Efficacy and safety of Varenicline for smoking cessation in patients with coronary artery disease.
Rigotti NA, Pipe AL, Benowitz NL, Arteaga C, Garza D, Tonstad S. Circulation 2010;121:221-9.
Trial summary:
This trial was conducted to evaluate safety and efficacy of varenicline, a partial α4β2 nicotinic acetylcholine receptor agonist helpful in achieving smoking cessation, when compared with placebo in patients with stable CAD.
In this multicenter, randomized, double-blind, placebo-controlled trial, 714 patients (35-75 years) with stable CAD who had smoked ≥ 10 cigarettes daily in the previous one year and wanted to quit smoking were enrolled. All patients were given counseling for smoking cessation and were randomized to receive varenicline 1 mg twice daily (n=355) or placebo (n=359) for a period of 12 weeks. The follow up was up to 52 weeks and primary end point was carbon monoxide confirmed continuous abstinence rate in the last 4 weeks (week 9-12) of treatment.

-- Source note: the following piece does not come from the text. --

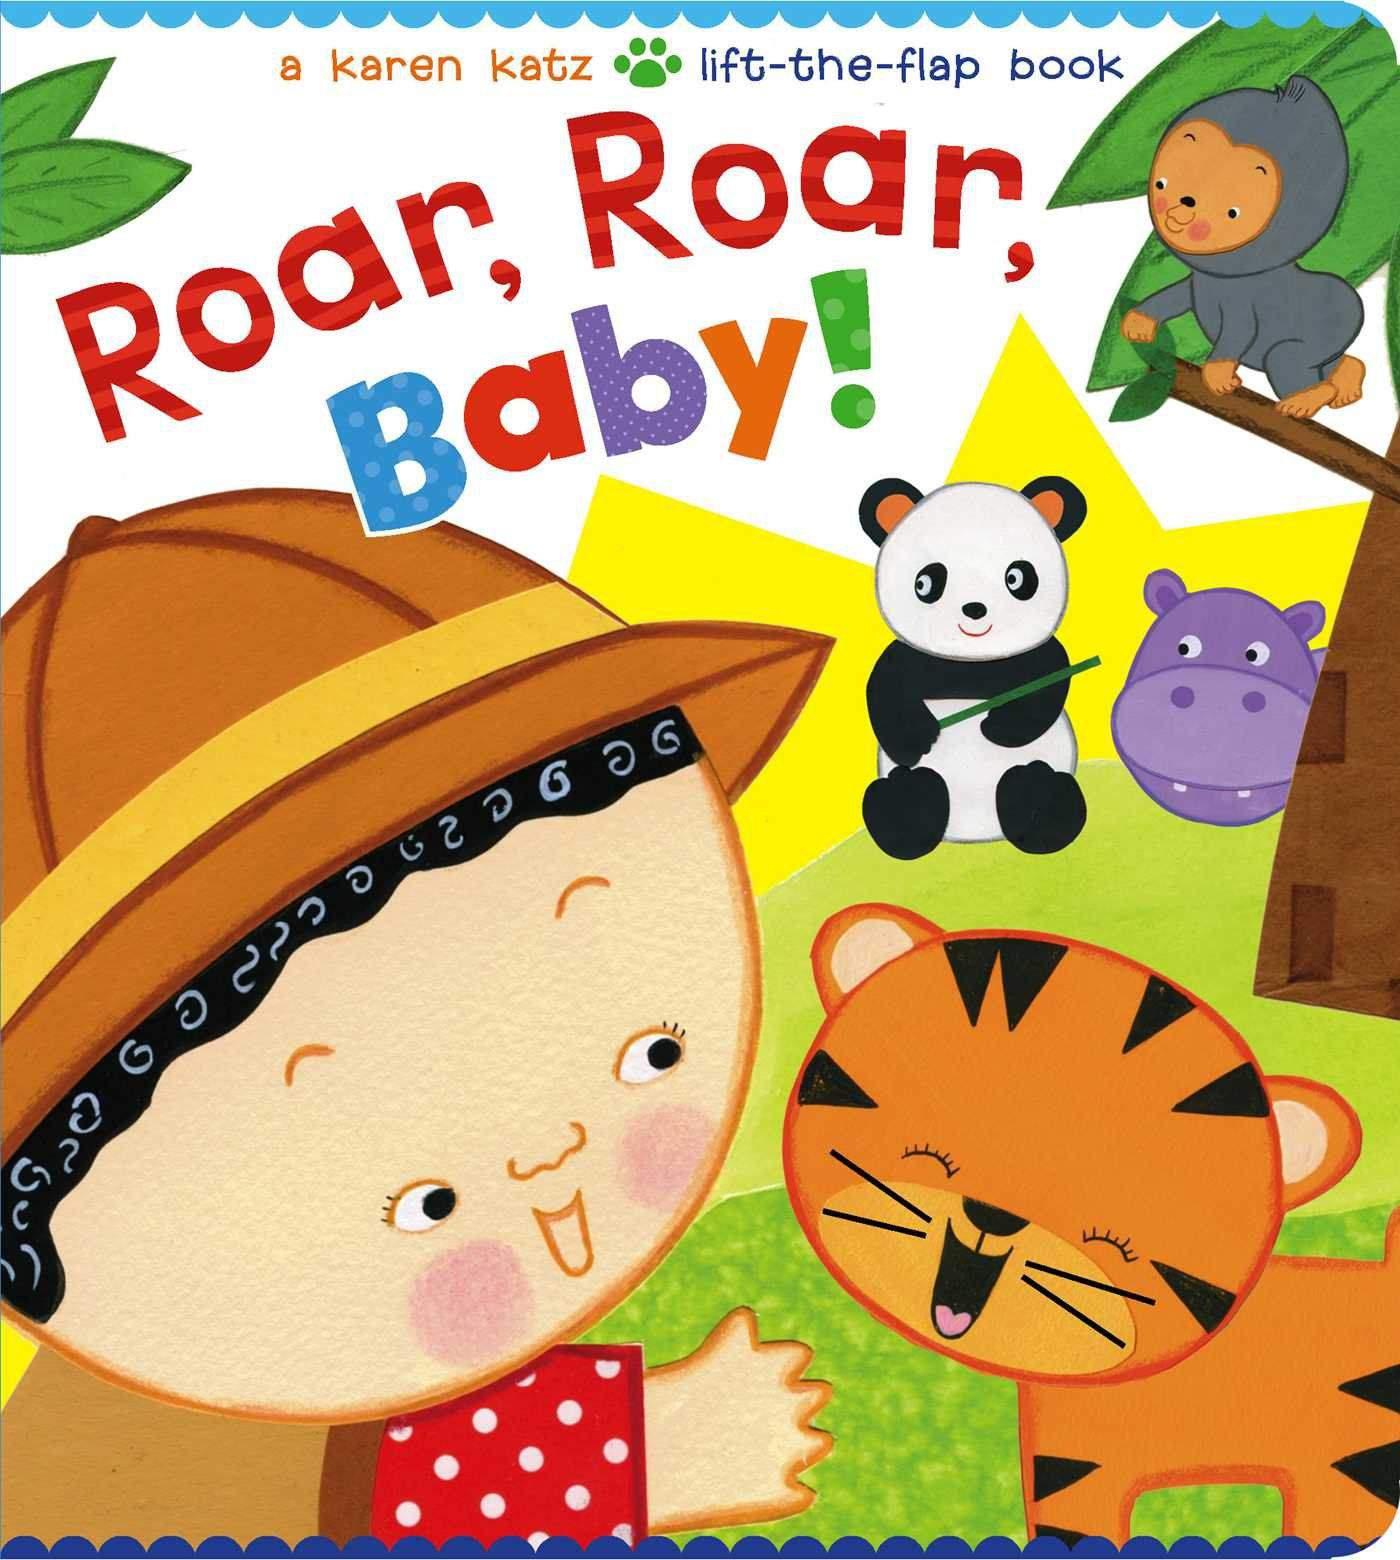 SI - Roar, Roar, Baby!: A Karen Katz Lift-the-Flap Book (Karen Katz Lift-the-Flap Books) - (Board Book)

The continuous abstinence rate was significantly higher for varenicline than placebo during weeks 9 through 12 (47.0% versus 13.9%; p=<0.0001). Although abstinence reduced with time, it remained better with varenicline as compared to placebo (28.2% versus 9.5% (p < 0.001) at weeks 9-24 and, 19.2% versus 7.2% (p < 0.001) at weeks 9-52. There was no significant difference in the varenicline and placebo groups in CV mortality (0.3% versus 0.6%), all-cause mortality (0.6% versus 1.4%), CV events (7.1% versus 5.7%), or serious adverse events (6.5% and 6.0%). The study medication was stopped by 9.6% of patients in the varenicline group and 4.3% in the placebo group. The incidence of common adverse events- nausea (29.5% vs. 8.6%), vomiting (8.2% vs. 1.1%) and insomnia (11.9% vs. 6.6%), was higher with varenicline as compared to placebo.

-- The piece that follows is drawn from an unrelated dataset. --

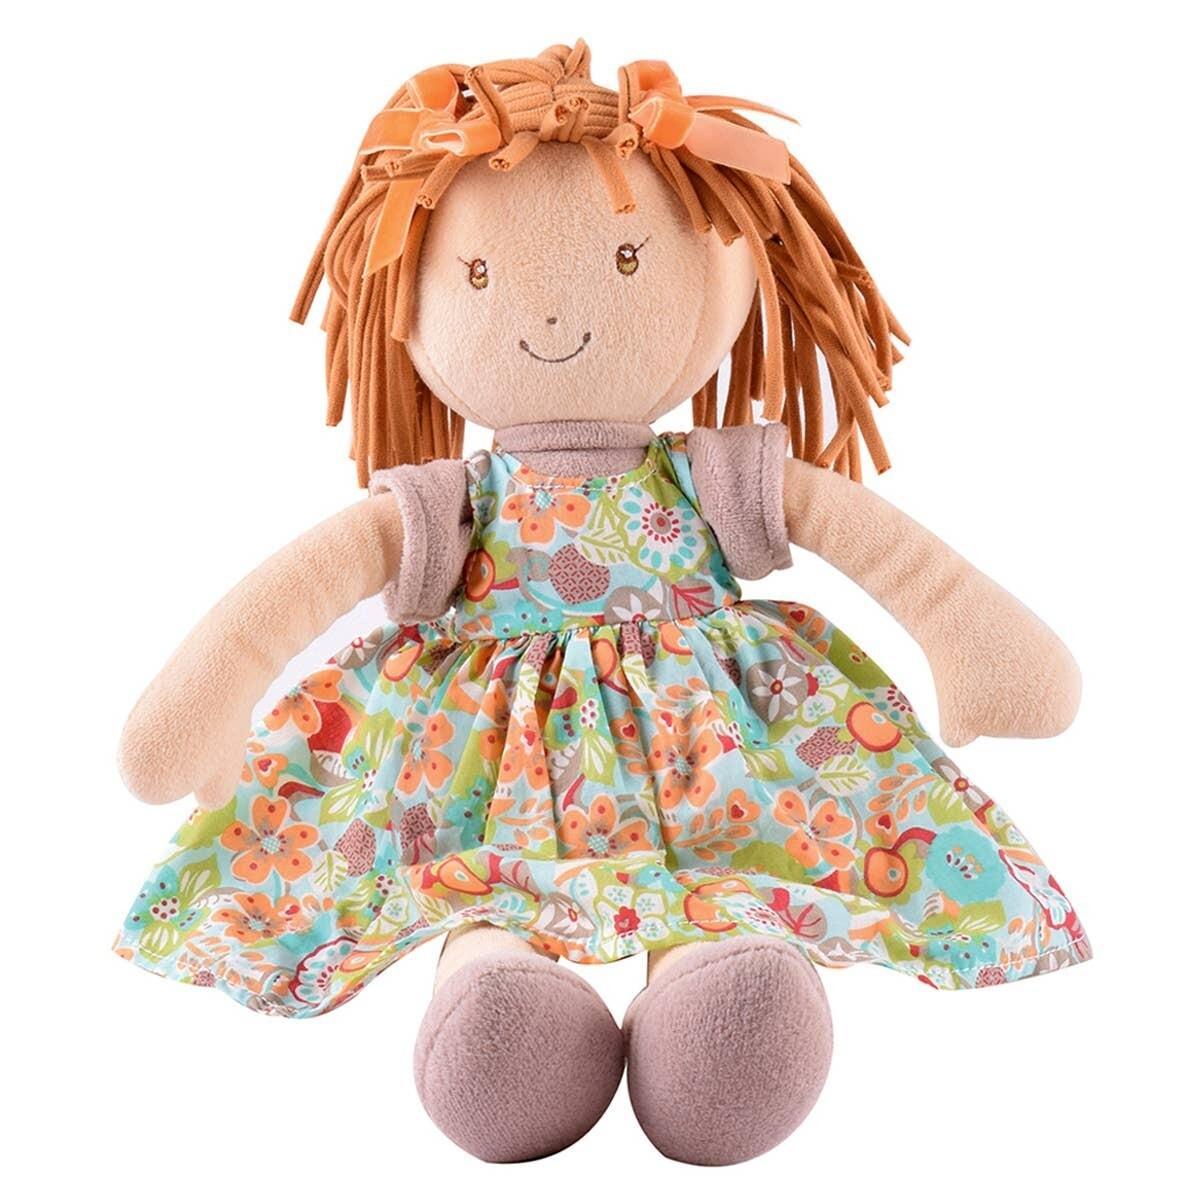 Libby Lu Bonikka Doll

Thus, this trial shows that varenicline is safe and effective pharmacotherapy for achieving smoking cessation in patients with stable CAD who wish to quit smoking.

Perspective:
Cigarette smoking is a major risk factor for CAD and is the key component of primary and secondary CVD prevention programs. While smoking cessation is associated with significant reduction in risk of death (36% in patients with CAD), it has been difficult to achieve and maintain abstinence in smokers. Varenicline, a partial agonist of acetylcholine receptors, has been shown to be effective and superior to other therapies for smoking cessation like bupropion and nicotine replacement therapy but this has been shown only in healthy smokers and the safety of varenicline had never been demonstrated in patients with CVD. This trial reinforces the efficacy of varenicline and also documents its safety in patients with stable CAD.